Чтобы закончить характеристику отца, прибавлю, что свободное время свое он посвящал охоте. Любил он во всякую погоду, не только весной и летом, но и осенью и зимой, бродить по полям, по лесам, по болотам и зарослям с ружьем и с собакой и возвращался вечером усталый и довольный, с полным ягдташем всякой дичи: зайцами, куропатками, тетеревами и проч. Крупного зверя в той местности не было за отсутствием больших лесов. Кроме того, отец был ловким наездником.

4. Дедушка, граф Василий Дмитриевич Олсуфьев, и бабушка, Мария Алексеевна

Деда моего со стороны матери, Василия Дмитриевича Олсуфьева[11], я не знала. Он умер, когда моя мать еще не была замужем. Но расскажу то, что я о нем слышала. Он был москвич, но живал много со своей семьей в Петербурге, потому что служил обергофмейстером императорского двора и личным секретарем императрицы Марии Александровны. Александр II очень любил деда. (Прадедушка был другом детства императора Александра II и остался с ним на «ты» после его восшествия на престол. Комментарий Н. Н. Сомова (Котика) к рукописи, присланной ему тетей Маней в Австралию). До последних дней царствования Николая II можно было видеть портрет моего деда висящим в кабинете Александра II. Этот кабинет сохранялся в том виде, в каком он был в день трагической смерти Царя Освободителя.

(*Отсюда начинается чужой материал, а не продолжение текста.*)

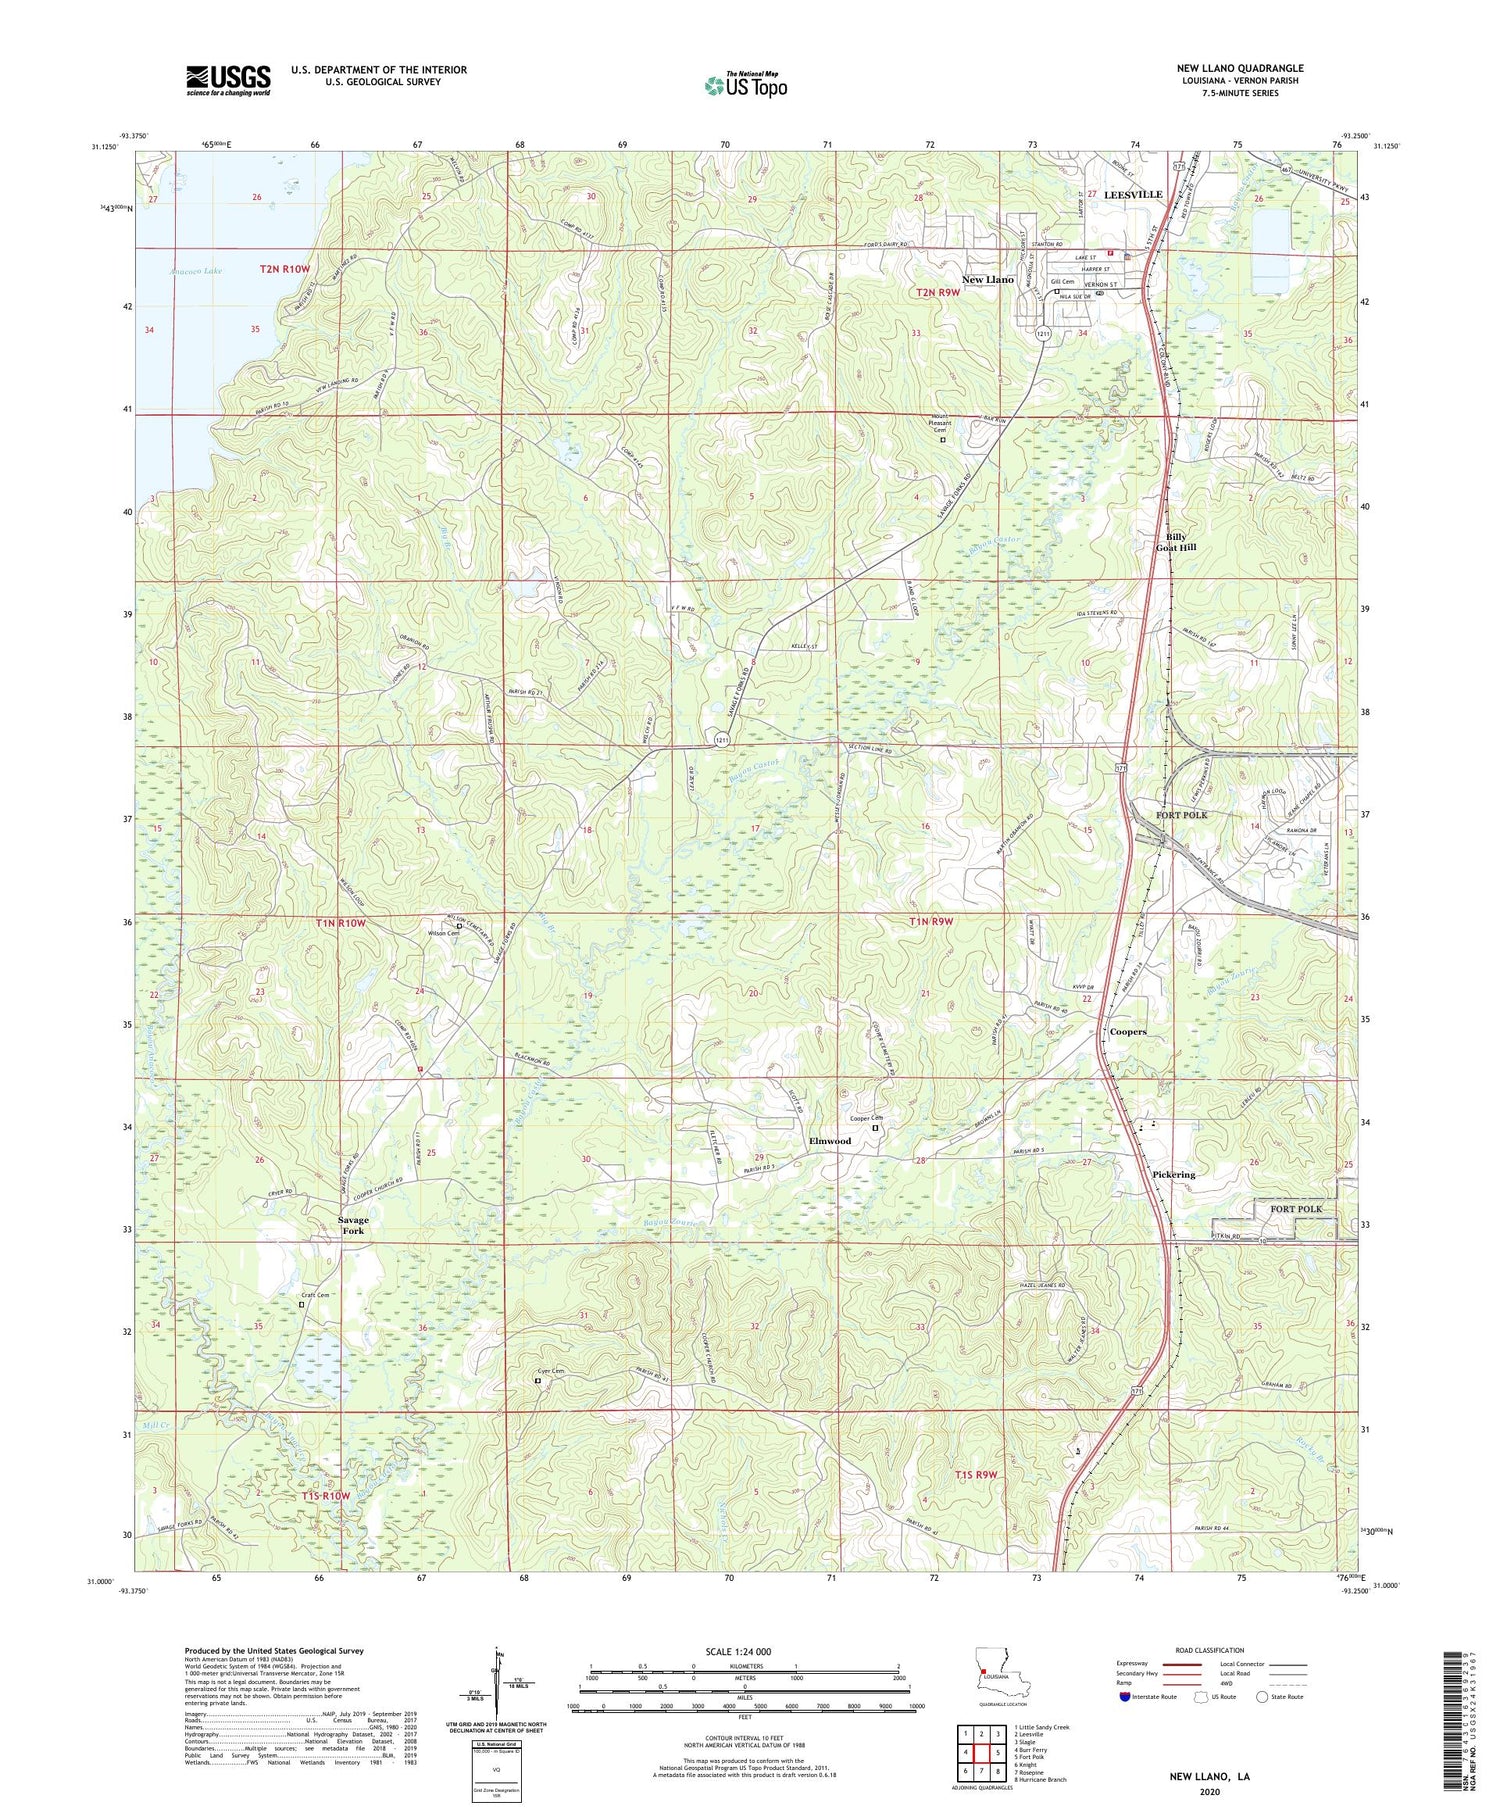 New Llano Louisiana US Topo Map Image
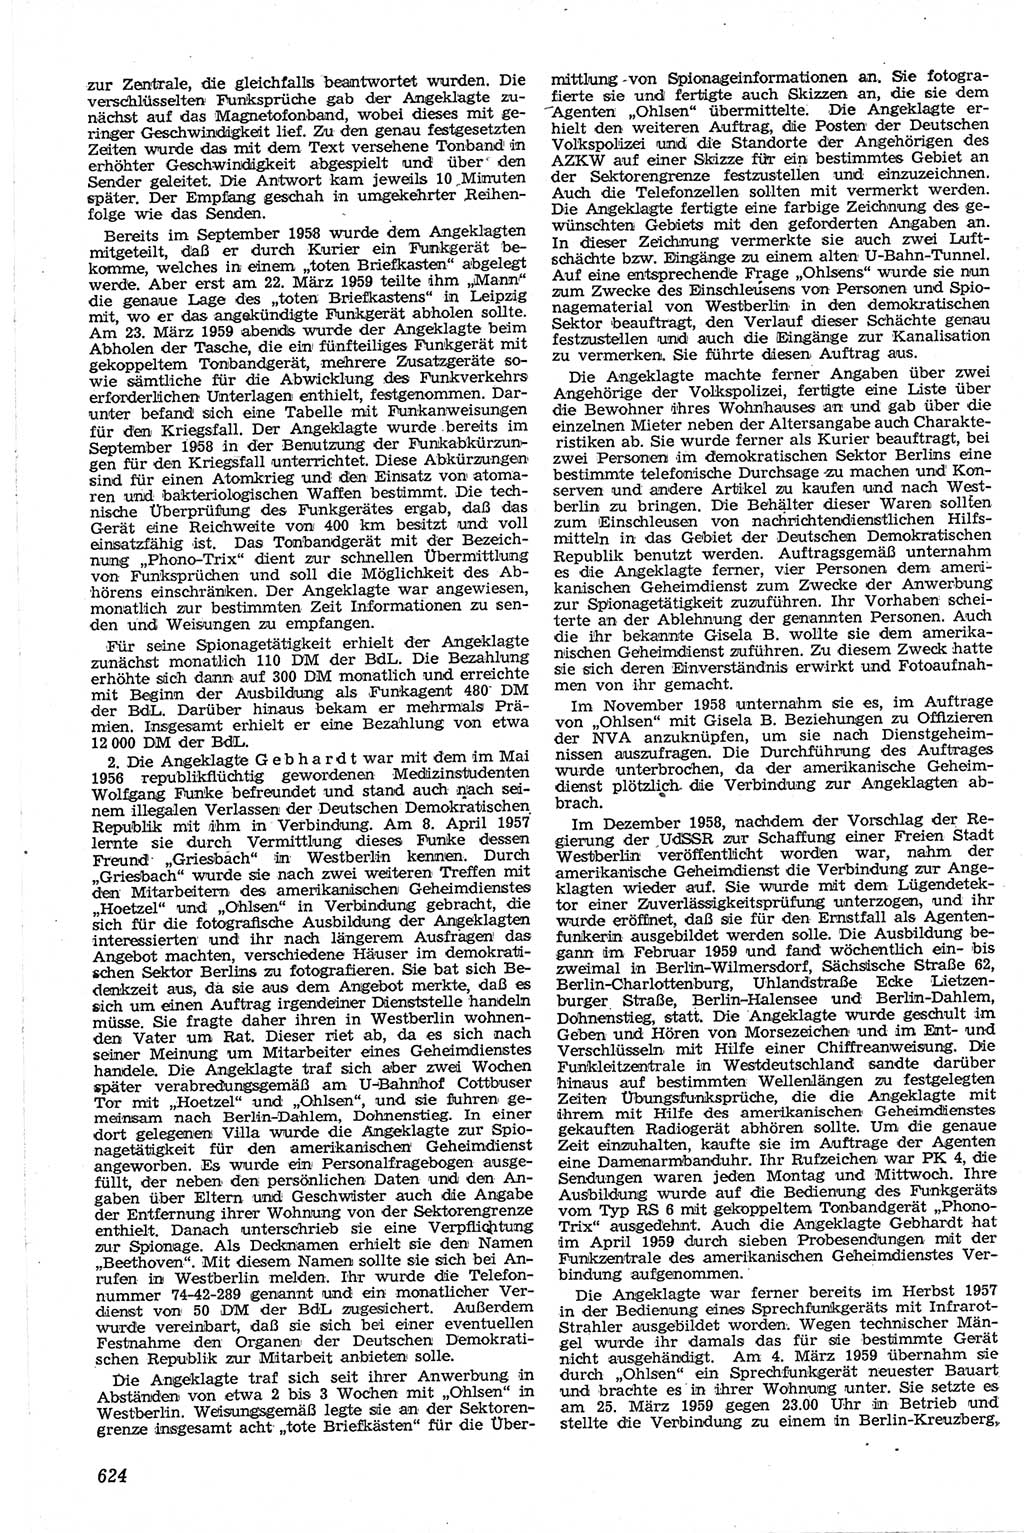 Neue Justiz (NJ), Zeitschrift für Recht und Rechtswissenschaft [Deutsche Demokratische Republik (DDR)], 13. Jahrgang 1959, Seite 624 (NJ DDR 1959, S. 624)

Дед мой принимал большое участие в староверах и ходатайствовал за них перед Государем, смягчая строгие против них законы того времени. Любили и знали его многие простые люди и при встрече на улице кланялись ему.

Однажды, обедая запросто у царя, он рассказал ему про себя анекдот: «Встречный мужичок снимает шапку; отдаю ему поклон и вдруг слышу: „Не тебе, дураку, кланяюсь!“» Оказывается, они встретились перед какой-то часовней.

Хочу рассказать про случай, сопровождавший рождение деда. Мать его[12] после родов заболела родильной горячкой; молоко ударило ей в голову, и доктора объявили, что ей необходимо кормить ребенка грудью, чтобы оттянуть жар от головы; при этом они ей посоветовали кормить не своего ребенка, а взять какого-нибудь ребенка своих крепостных, говоря, что ее молоко может повредить ее ребенку, что он даже может остаться идиотом.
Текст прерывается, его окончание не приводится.